Defaults to “macro”.
num_classes (Optional, int) – The number of classes. If the pred is label instead of scores, this argument is required. Defaults to None.

返回:

The tuple contains precision, recall and f1-score. And the type of each item is:

torch.Tensor: If the pred is a sequence of label instead of score (number of dimensions is 1). Only returns a tensor for each metric. The shape is (1, ) if classwise is False, and (C, ) if classwise is True.
List[torch.Tensor]: If the pred is a sequence of score (number of dimensions is 2). Return the metrics on each thrs. The shape of tensor is (1, ) if classwise is False, and (C, ) if classwise is True.

返回类型:

Tuple

compute_metrics(results)[源代码]¶

Compute the metrics from processed results.

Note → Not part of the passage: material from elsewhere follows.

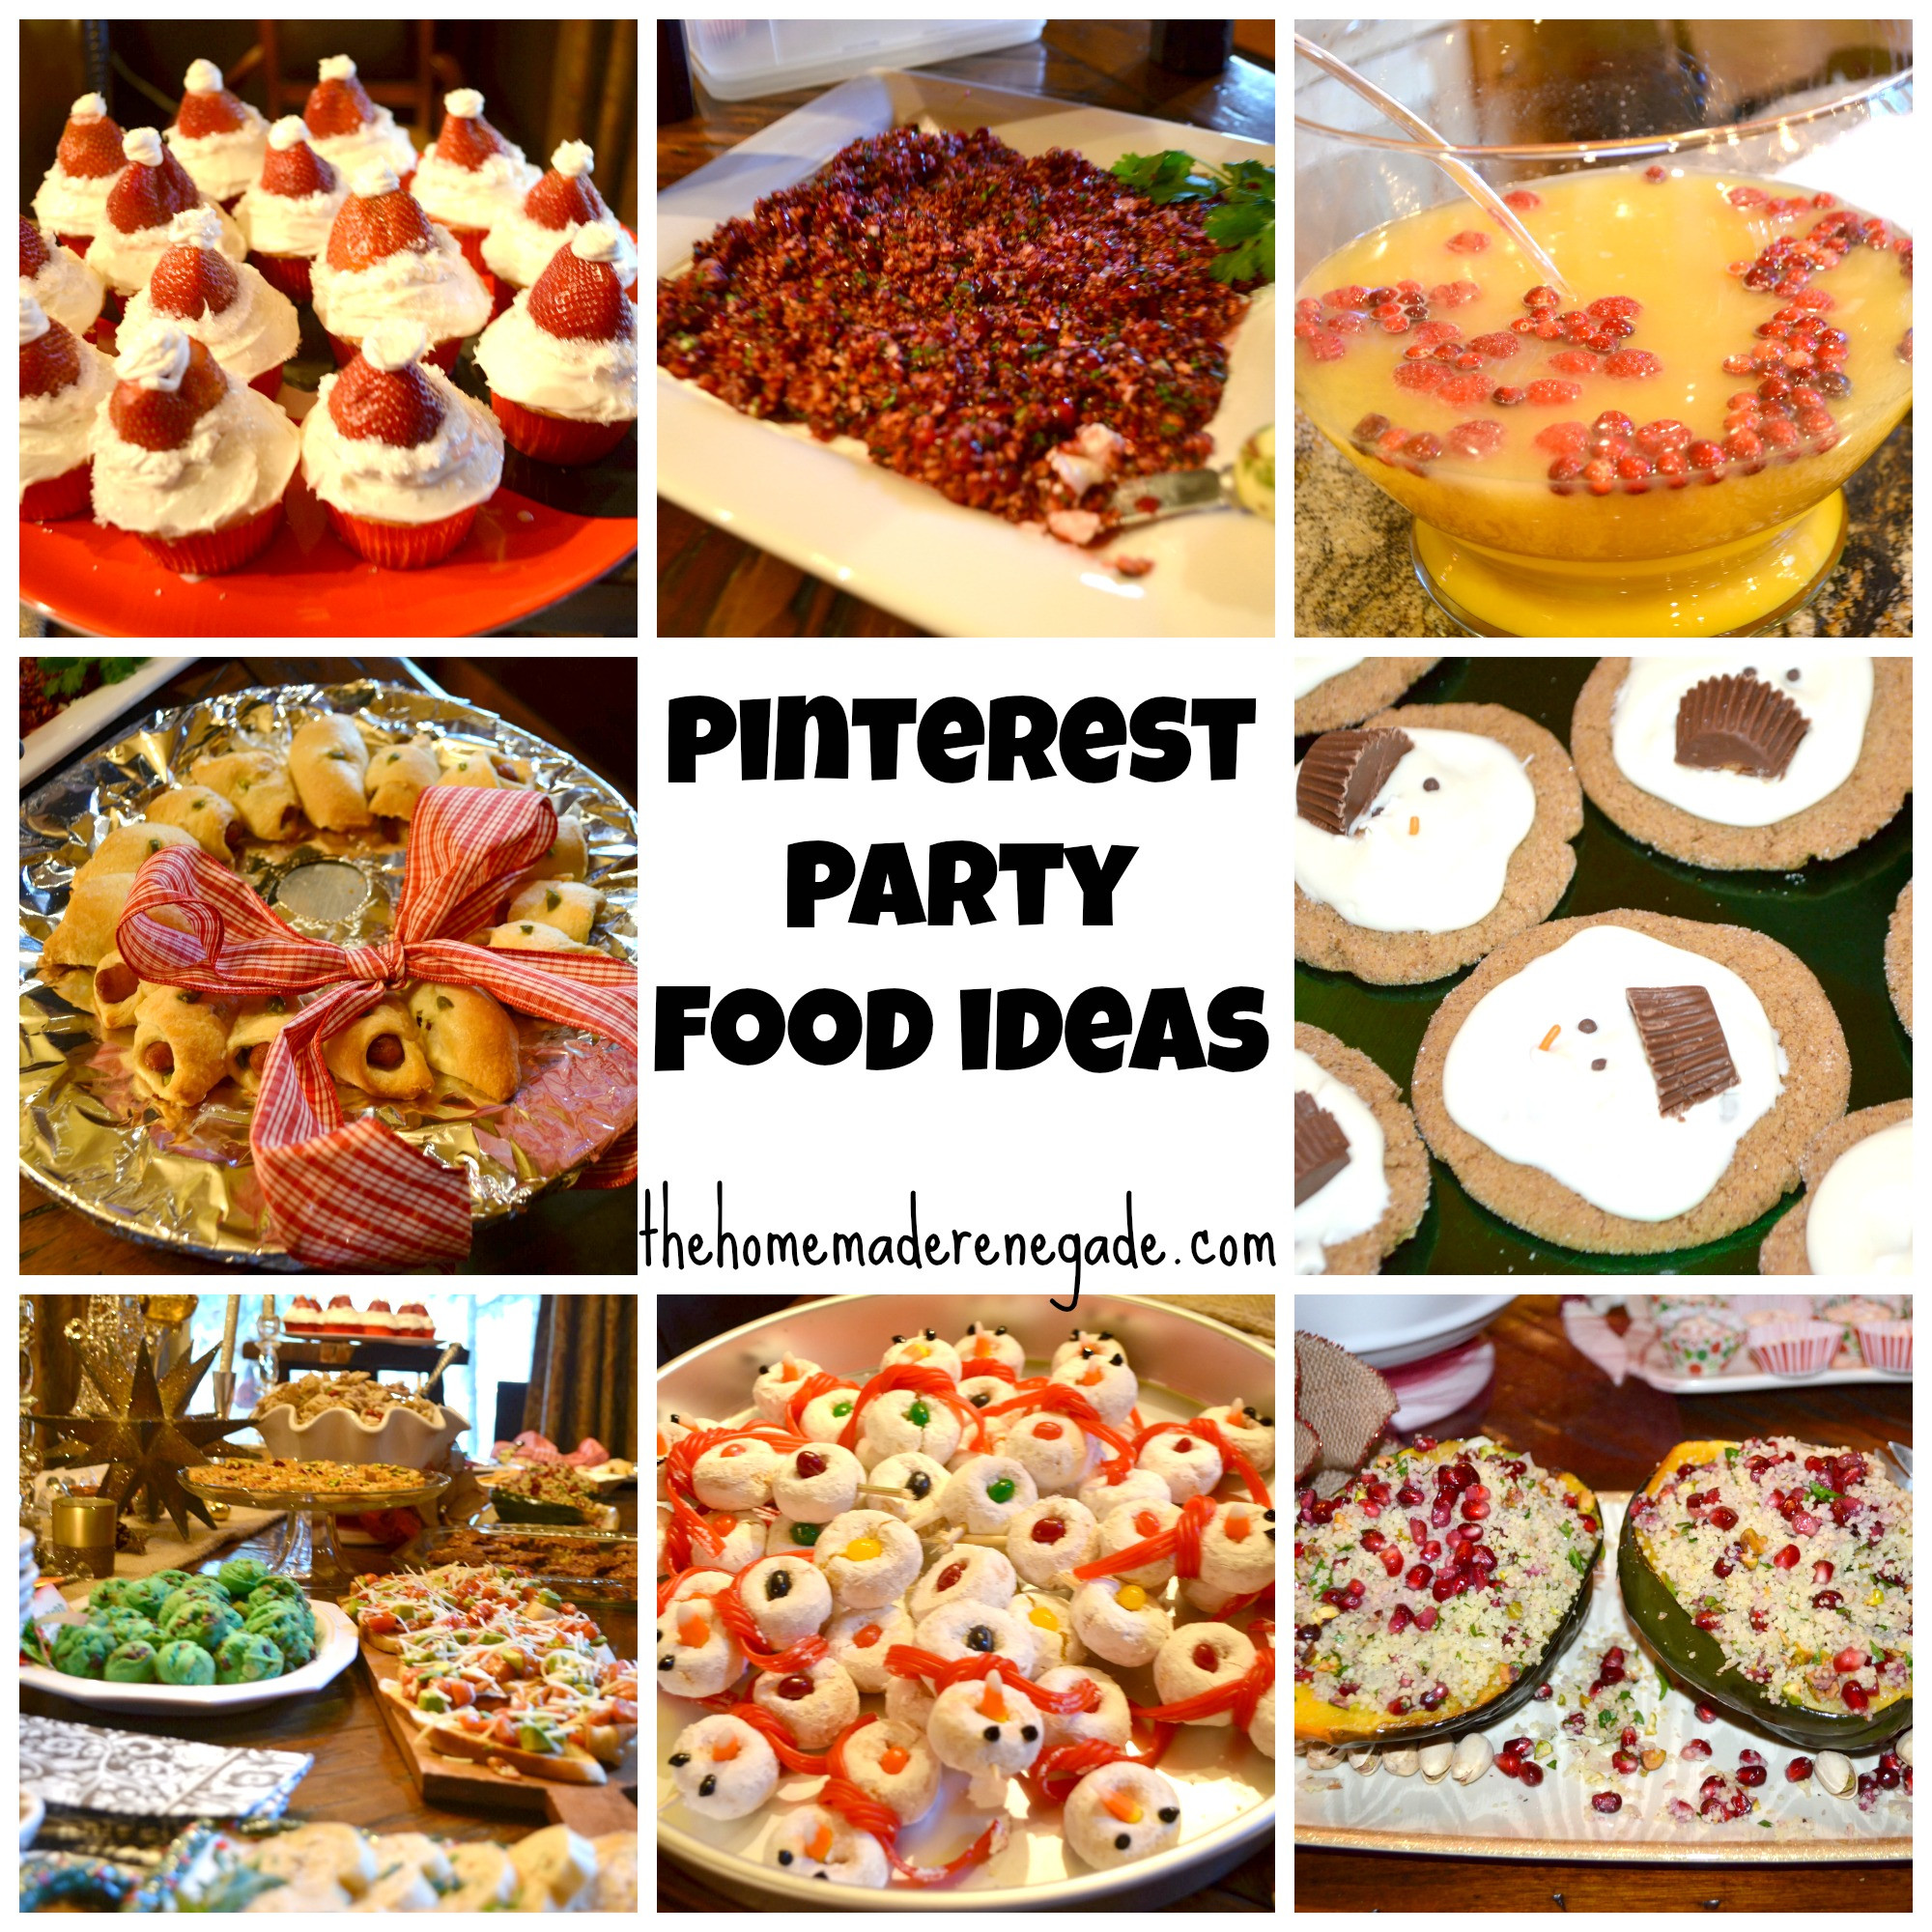 Party Food Ideas Pinterest
 How To Host a Pinterest Party Krista Gilbert

参数:: results (list) – The processed results of each batch.
返回:: The computed metrics. The keys are the names of the metrics, and the values are corresponding results.
返回类型:: Dict

process(data_batch, data_samples)[源代码]¶

Process one batch of data samples.

The processed results should be stored in self.results, which will be used to computed the metrics when all batches have been processed.

参数:

data_batch – A batch of data from the dataloader.
data_samples (Sequence[dict]) – A batch of outputs from the model.